- EXERCISE DESCRIPTION -
Look below for the line that has "Schaffer Knuddel mich!". Set down the lines from there through the line that has "Elogia eventos - regalos", exactly as written.

- GIVEN DATA -
···

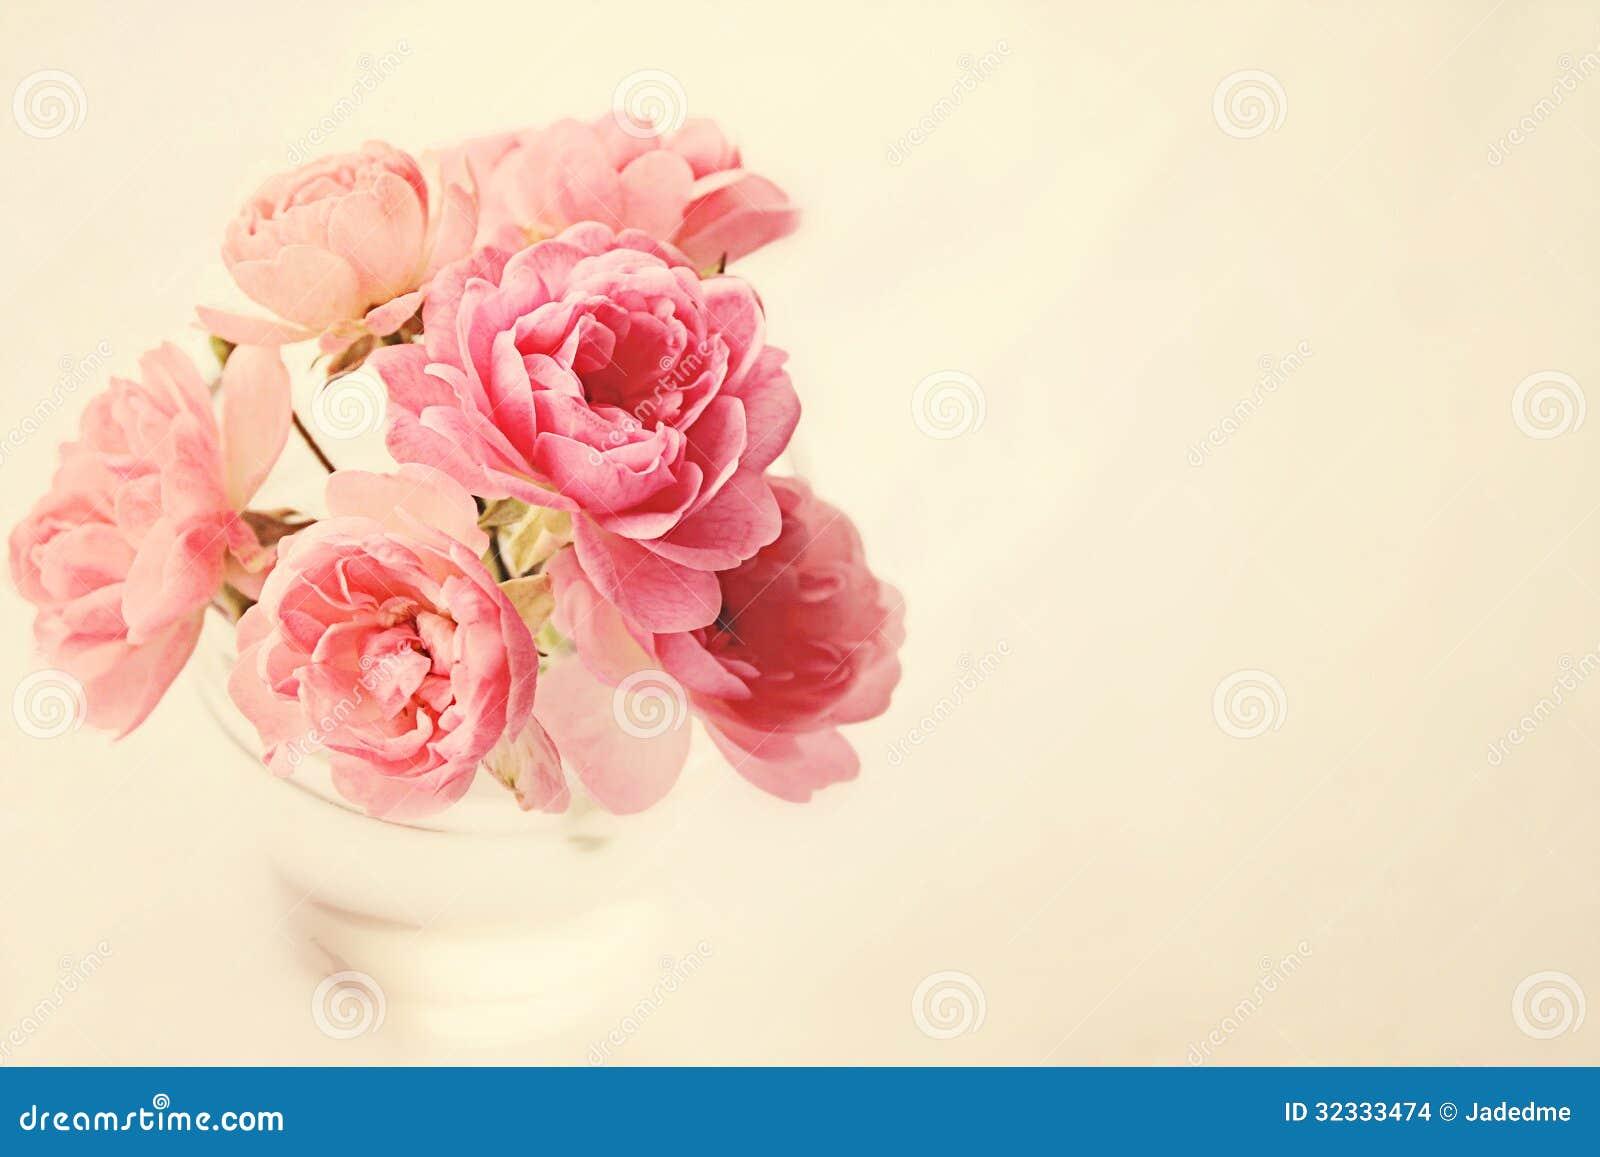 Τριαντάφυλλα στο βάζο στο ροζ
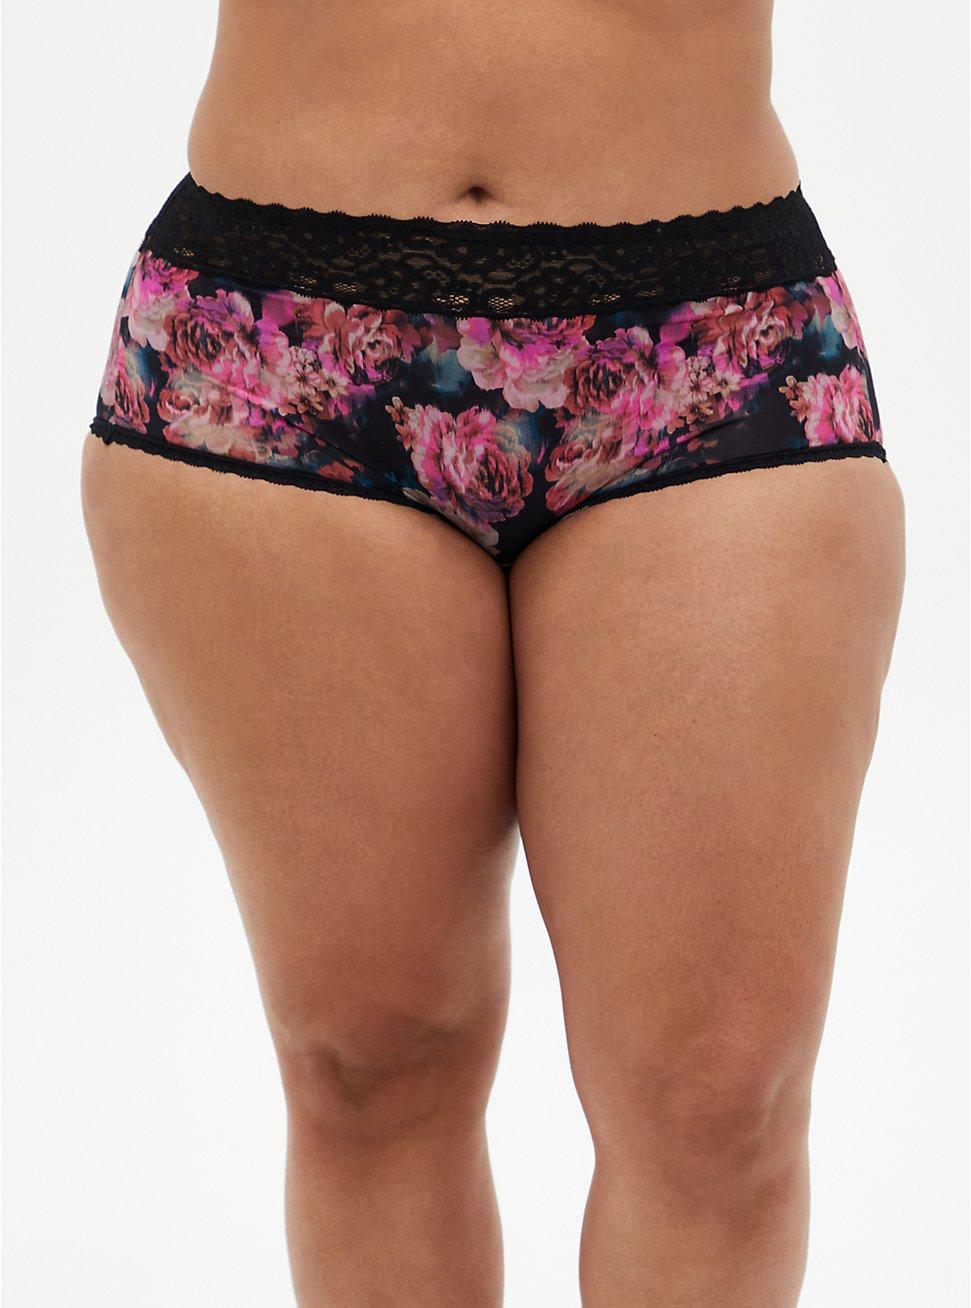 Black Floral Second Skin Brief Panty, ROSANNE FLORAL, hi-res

···

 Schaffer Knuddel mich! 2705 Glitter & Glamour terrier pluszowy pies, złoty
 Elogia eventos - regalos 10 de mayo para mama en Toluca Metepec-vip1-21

···

- ANSWER AREA -
 Schaffer Knuddel mich! 2705 Glitter & Glamour terrier pluszowy pies, złoty
 Elogia eventos - regalos 10 de mayo para mama en Toluca Metepec-vip1-21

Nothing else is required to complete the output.